# Carolina Red Sauce Question



## SmokinEdge (Oct 24, 2021)

I’m a big fan of Rodney Scott and his whole hog cooking. I’ve never tasted it but I like his process. People rave about his red sauce. He is very secretive about all of what is in it, as he well should be. However, I have never been to the Carolinas and never tasted authentic red sauce. To day I’m going to try my hand at making what some on the interwebs think is something close to Scott’s red sauce recipe. Like I said I know nothing of it and never tasted it. I’m going to fast track some country style ribs from the butt for pulled pork and try the sauce recipe I have. Any inside “baseball” type insight or suggestions are welcome.

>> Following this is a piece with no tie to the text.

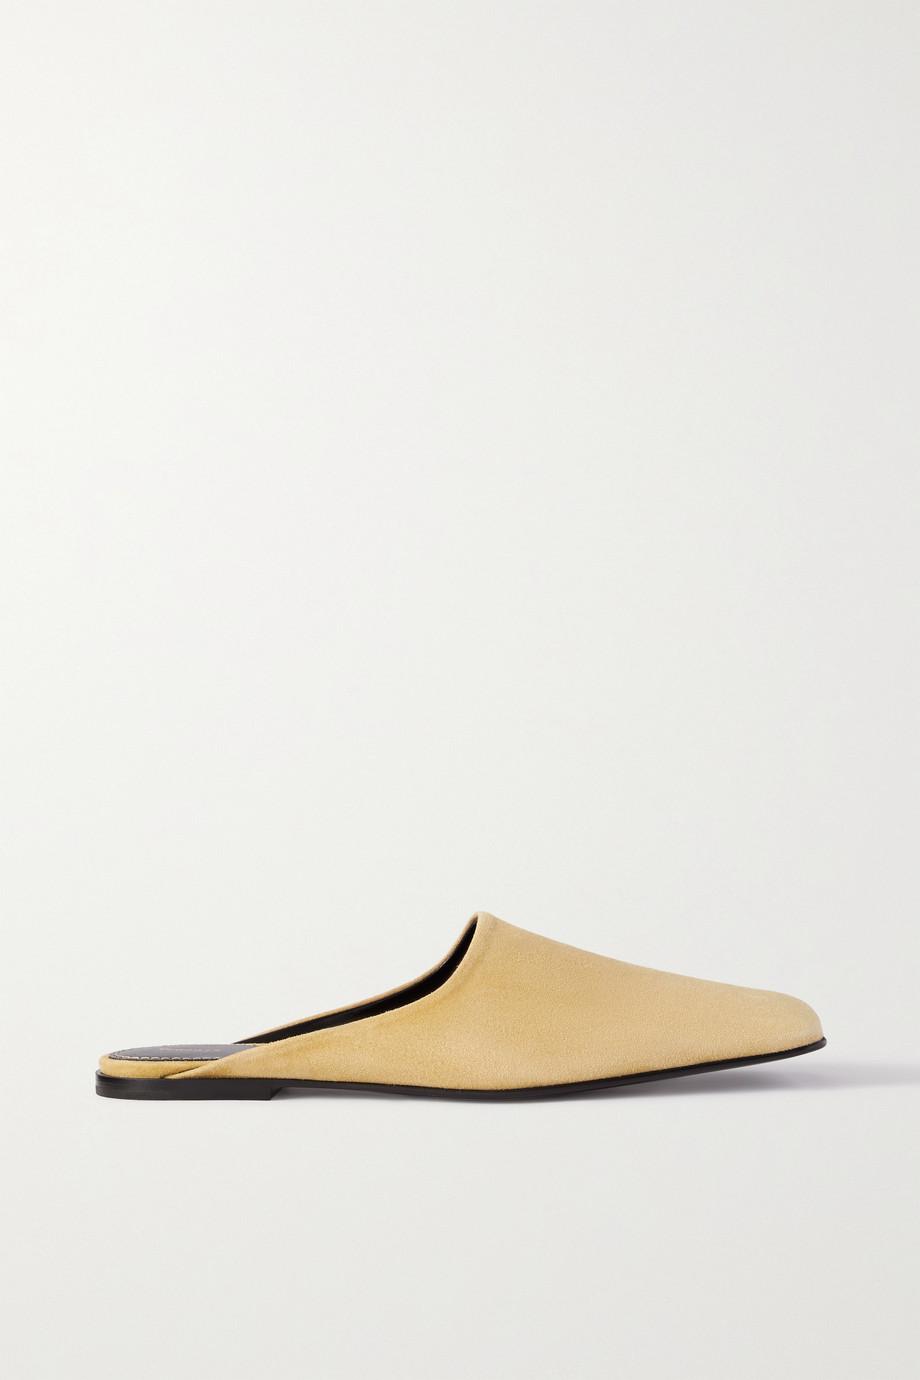 Proenza Schouler Suede slippers
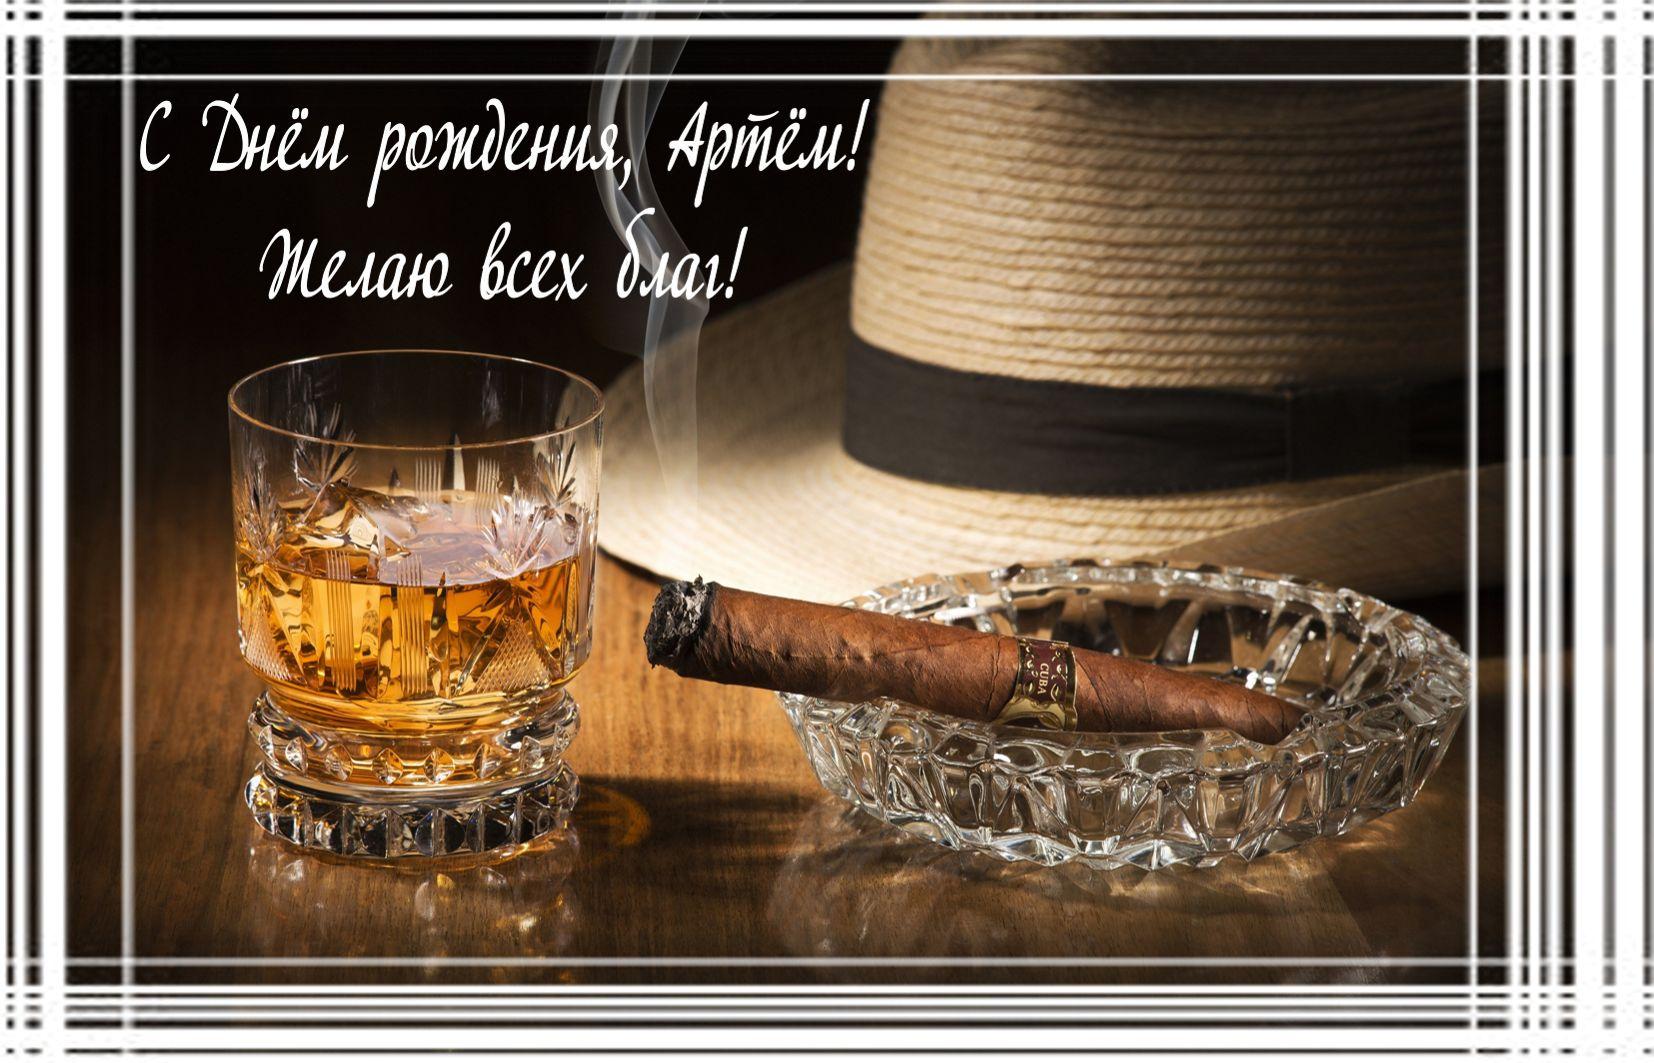 Открытка на День рождения Артему - бокал коньяка и сигара в красивой рамке

Here is the basic recipe I’m starting with:

2 c distilled white vinegar 
1/2 a lemon sliced thin
1 1/2 tsp. Fresh ground black pepper 
1 tsp. Cayenne pepper
1/2 tsp crushed red pepper
1/4 c. White sugar
1 Tbs. paprika
1 tsp. Dark red Chile powder
2tsp. Accent.

What am I missing? Thank you in advance


----------



## 1MoreFord (Oct 24, 2021)

Many/most Eastern NC sauce recipes call for a tablespoon or so of hot sauce - Franks, Texas Pete, Crystal, Louisiana, Tabasco, or the like.


----------



## WaterRat (Oct 24, 2021)

Looks pretty similar to 

 chef jimmyj
  recipe here: https://www.smokingmeatforums.com/threads/need-a-good-vinegar-sauce.297470/#post-2083591  post# 5 which I really like.  I slightly prefer the Lexington Dip version at the bottom. The addition of the lemon in your version seems like a great idea to me for that hint of freshness.


----------



## TNJAKE (Oct 24, 2021)

I'd add some garlic


----------



## JLinza (Oct 24, 2021)

Sounds good, let us know how it turns out


----------



## SmokinEdge (Oct 25, 2021)

So I added about 1 Tbs of Frank’s, and I minced up a couple of garlic cloves otherwise I followed the recipe. This is a very tasty sauce, and is similar to Chef JJ’s. I mopped the country ribs with it a couple times which produced a very dark rich bark. After pulling the meat I poured the rest of the sauce over and mixed it all in. Was very delicious.


----------



## SmokinAl (Oct 25, 2021)

I agree with the above comments, JJ‘s recipes are very good!
Al


----------



## zwiller (Oct 25, 2021)

Was waiting for someone from the area to comment but I've been to NC/SC a few times and have had red sauce and IMO 

 chef jimmyj
 finishing sauce is on point for what I had there.  If I am REAL picky I'd say it was a mix of the finishing sauce and lexi dip, like the finishing sauce with a squirt or 2 of ketchup.  IMO the hallmark of that sauce is the celery and allspice.    
Not sure if folks know, but the folks down there always make hush puppies with PP and they dip the puppies in the sauce.  Honestly, I think those might even be better than the PP


----------



## Brokenhandle (Oct 25, 2021)

Your sauce sounds tasty! And for some reason I now want some hush puppies! 

Ryan


----------



## chef jimmyj (Oct 25, 2021)

SmokinEdge
 That sauce recipe you have will work just fine. In my research, I found everything from a very basic, Vinegar, Red Pepper Flakes, Paprika, S & P, with or without a bit of Ketchup, to sauces with a Dozen ingredients with the Vinegar. I agree with 

 WaterRat
, thanks for thinking of my sauce, that the Lemon would be a nice addition...JJ


----------



## smokeymose (Oct 25, 2021)

I recently picked up a Rodney Scott book but haven't tried anything from it yet.
He relies a lot on MSG (Accent), which I don't have a problem with.
I'm looking forward to your results....


----------



## motocrash (Oct 25, 2021)

I use cider vinegar. I'll have to try the lemon addition next time.


----------



## Ringer (Oct 25, 2021)

I've seen white and cider vinegar used but my go to has been malt for the past several years.


----------



## motocrash (Oct 25, 2021)

Ringer said:


> I've seen white and cider vinegar used but my go to has been malt for the past several years.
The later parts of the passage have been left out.